The fact is, if an investor (angel, venture investor, corporation, etc.) provided capital and other forms of support (network connections, referrals, mentoring, board directorship, incubation), they did so in the belief that the entrepreneur and his or her team would apply all – not just some – of their time, effort, networks, resources, blood, sweat and tears into the company, to ensure its success and maximize a return on investment for those who supported the venture. It seems like a simple formula, and the relationship between entrepreneurs and investors is, by mutual agreement and/or legal commitment, a contract.

Are there circumstances in which it makes sense to start another company in parallel? Sure. I would maintain an open mind if, say, the second company is created to bring value to the first venture, addresses a glaring gap in the supply chain, and is operated at arm’s length. Or if there could be a segregation of business focus and activities that mitigated risks or improved the entrepreneur’s ability to raise additional capital.  

In other words, if the second company is created to leverage growth, I can get my head around it. If, however, the entrepreneur is simply hedging his or her bets, we better have a serious discussion. If you don’t have confidence in the product, service, competitive position, use case, value proposition, customer feedback, traction, momentum and prospects for the future, we have a problem. Starting another company while representing yourself as a full-time leader of the venture I backed is unprofessional and a conflict of interest.
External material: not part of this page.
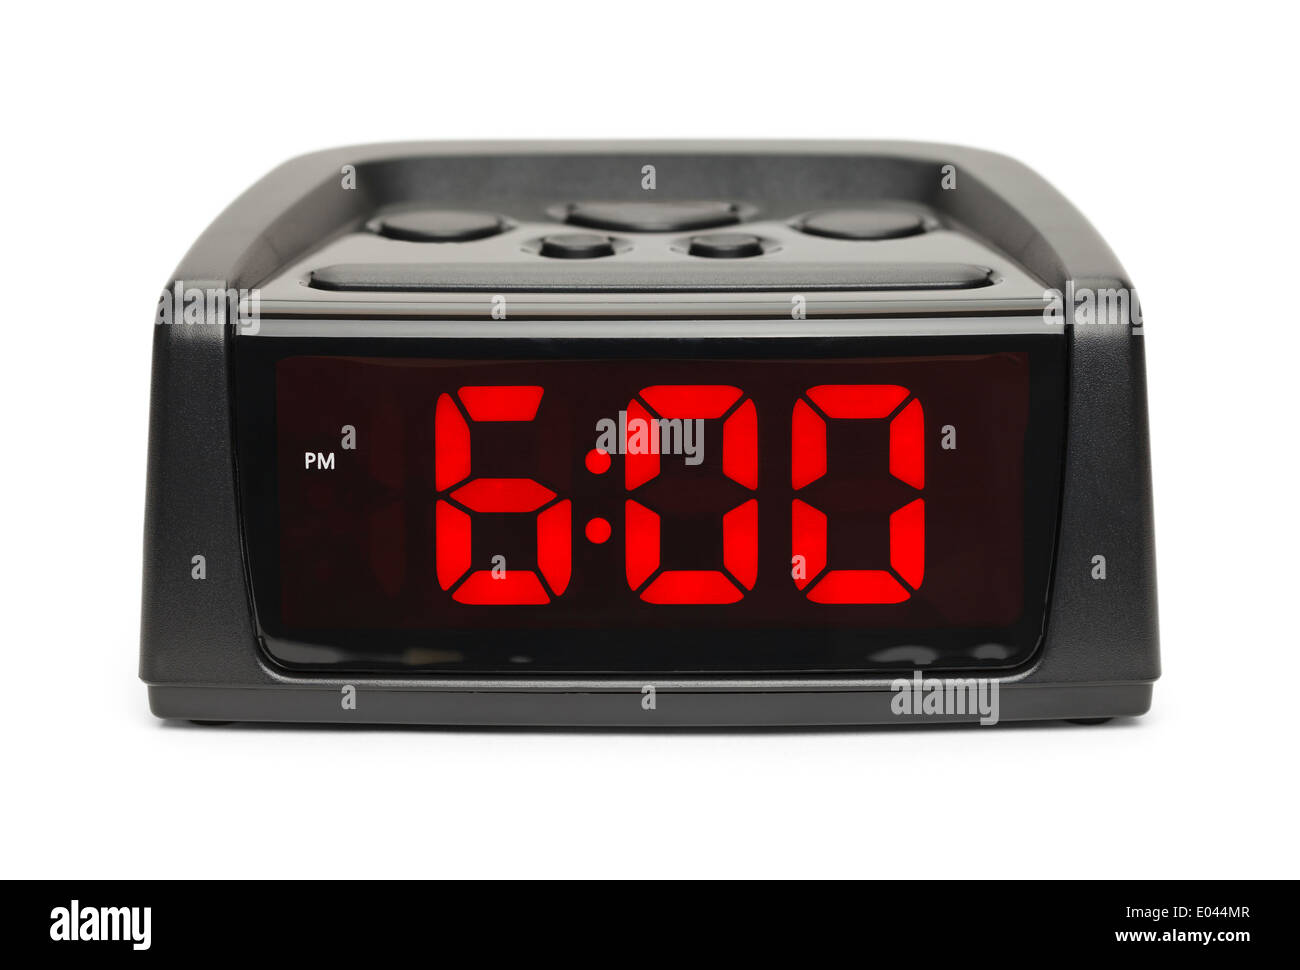 Black Plastic Alarm Clock With Red Display Isolated on White Background. Stock Photo

I can’t support it.

Most certainly, if I were aware in advance that an entrepreneur was intent on starting another company post investment, I would never support the initial investment.

Don’t get me wrong, I don’t believe that entrepreneurs who accept investment capital are committing to a life of indentured servitude to shareholders. I certainly understand entrepreneurs must “have a life,” with downtime and opportunities to pursue other interests, hobbies and diversions, so they don’t burn out and can maintain healthy relationships with family and friends. Starting and scaling a technology company is hard. Really hard. Starting a second company, frankly just seems masochistic. Go surfing in Honduras to re-group and centre. Write a novel. Run marathons. Want to learn the power of meditation in Big Sur? Great. Enjoy it (and sneak me in the back door once you’re there, please).

Sure Elon Musk and Sir Richard Branson are well-known and loved (or loathed) entrepreneurs who have pulled off parallel entrepreneurship. But both of them have always hired managers and teams to effectively pursue their visions and commercial ventures. And I suspect if either of those two business leaders, who espouse and practice parallel entrepreneurship, discovered the C-level executive of one of their business divisions had a second job, and wasn’t giving 100 per cent of their effort and time to their employer, they’d be sacked before you could say “LinkedIn profile update.”